Given the multidimensional characteristics among the variables, we first used Pearson’s heat map to observe the correlation among the variables and used the t-test method for data downscaling [20]. Three ML models -XGBoost, SGD, and KNN were used to develop predictive models [21-25]. The downscaled data is fed into a subsequent ML model. The predictive performance of each model was evaluated by the AUC. In addition, we calculated the Recall, Positive Predictive Value (PPV), Negative Predictive Value (NPV), and F1 Score. In addition, to evaluate the utility of the decision models by quantifying the net benefit at different threshold probabilities, we performed Decision Curve Analysis (DCA) [26,27]. Considering the single-center data, we also used K-fold cross-validation to check the stability of our model.

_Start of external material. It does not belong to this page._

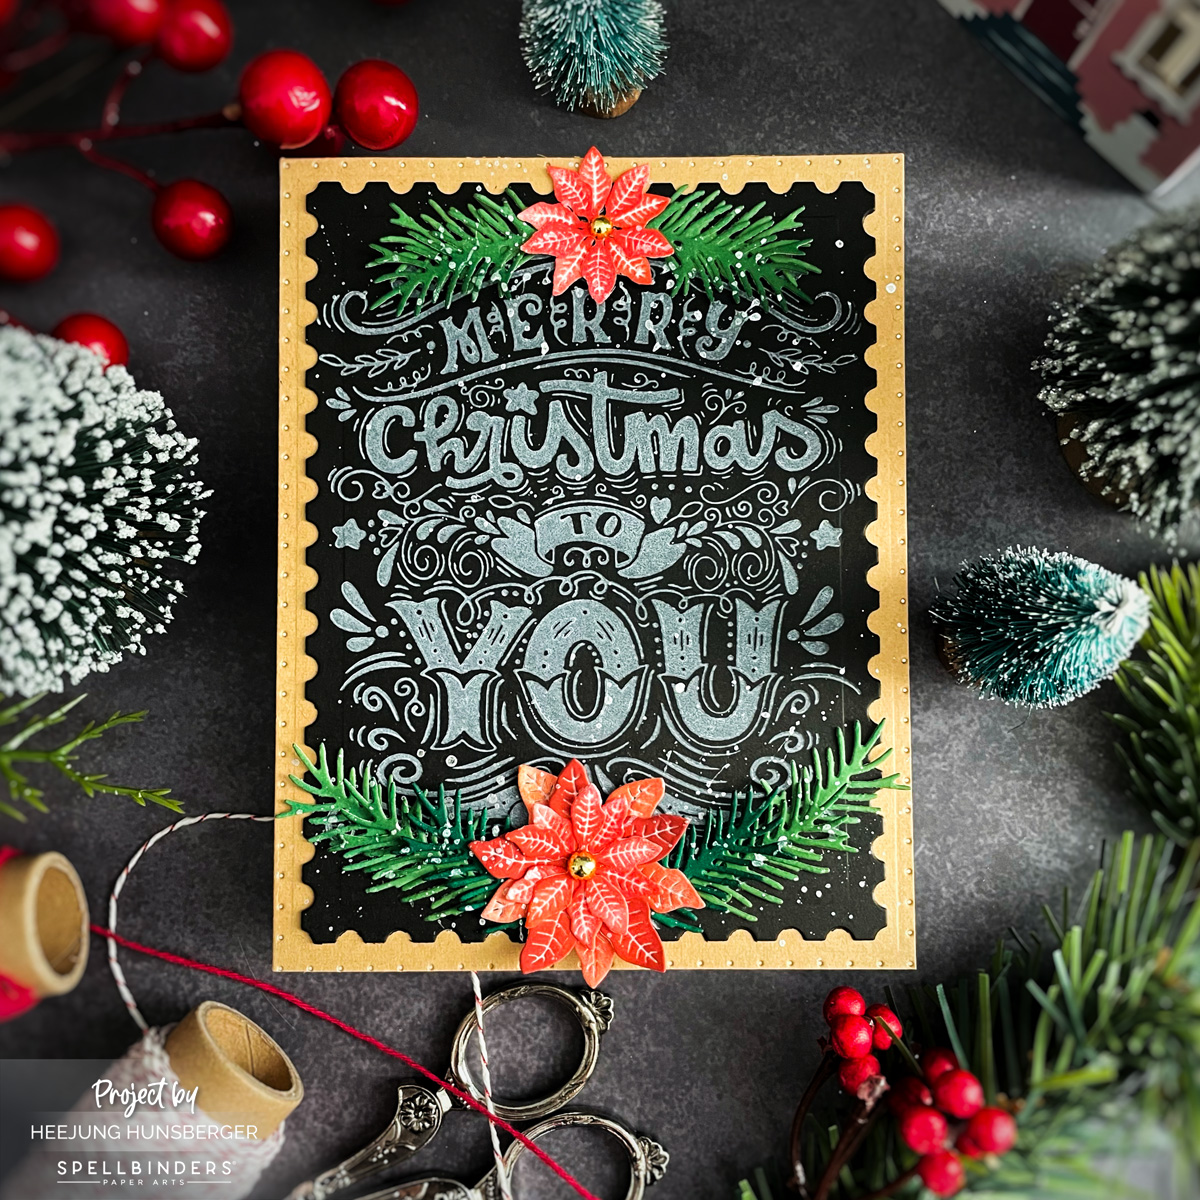 Spellbinders -Merry Christmas To You Card

We use the optimal predictive model to observe the weighting characteristics of the variables. Selected features were combined with clinical significance to construct a Decision Tree model to predict the incidence of MACCEs in patients over a 2-year period [28]. And its decision-making performance is evaluated by AUC. If necessary, we will focus on the prognosis of this indicator using survival analysis curves.
The flow of this study is shown schematically in Figure 1.
3. Results
3.1 Patient Characteristics
As seen in Table 1, a total of 361 patients were included in the study. 91 patients (25.2%) had MACCEs events within 2 years. Among the Table 1, GS showed a statistically significant difference within the two groups mentioned above (P<0.001). To facilitate machine learning, we set the time-years in which MACCEs occur as independent labels as the annotation of the data.
(Y:Yes, N:=None)
3.2 Correlation between variables in this study
As can be seen in Figure 2, LDH was highly correlated with the ALT variable (coefficient was 0.96), Total Cholesterol was highly correlated with HDL and LDL (coefficients were 0.77 and 0.93, respectively), and NLR was highly correlated with SII (coefficient was 0.9). The above heat map provides the basis for subsequent data downscaling.
3.3 Development and validation of models
We preprocessed and cleaned the data and randomly divided the dataset into 70% training (n=252) set and 30% testing set (n=109) . Test sets are often representative of a model’s ability to generalize. From Figure 3, Figure 4 and Table 2, it can be seen that the XGBoost model has the best performance. The accuracy was 0.963, the AUC value was 0.97, and the clinical net benefit curves were higher than the remaining two models.
3.4 Observation of feature weights
As can be seen in Figure 5, the weight share of GS is the most important in the whole model. This provides a theoretical basis for selecting variables for our subsequent modeling.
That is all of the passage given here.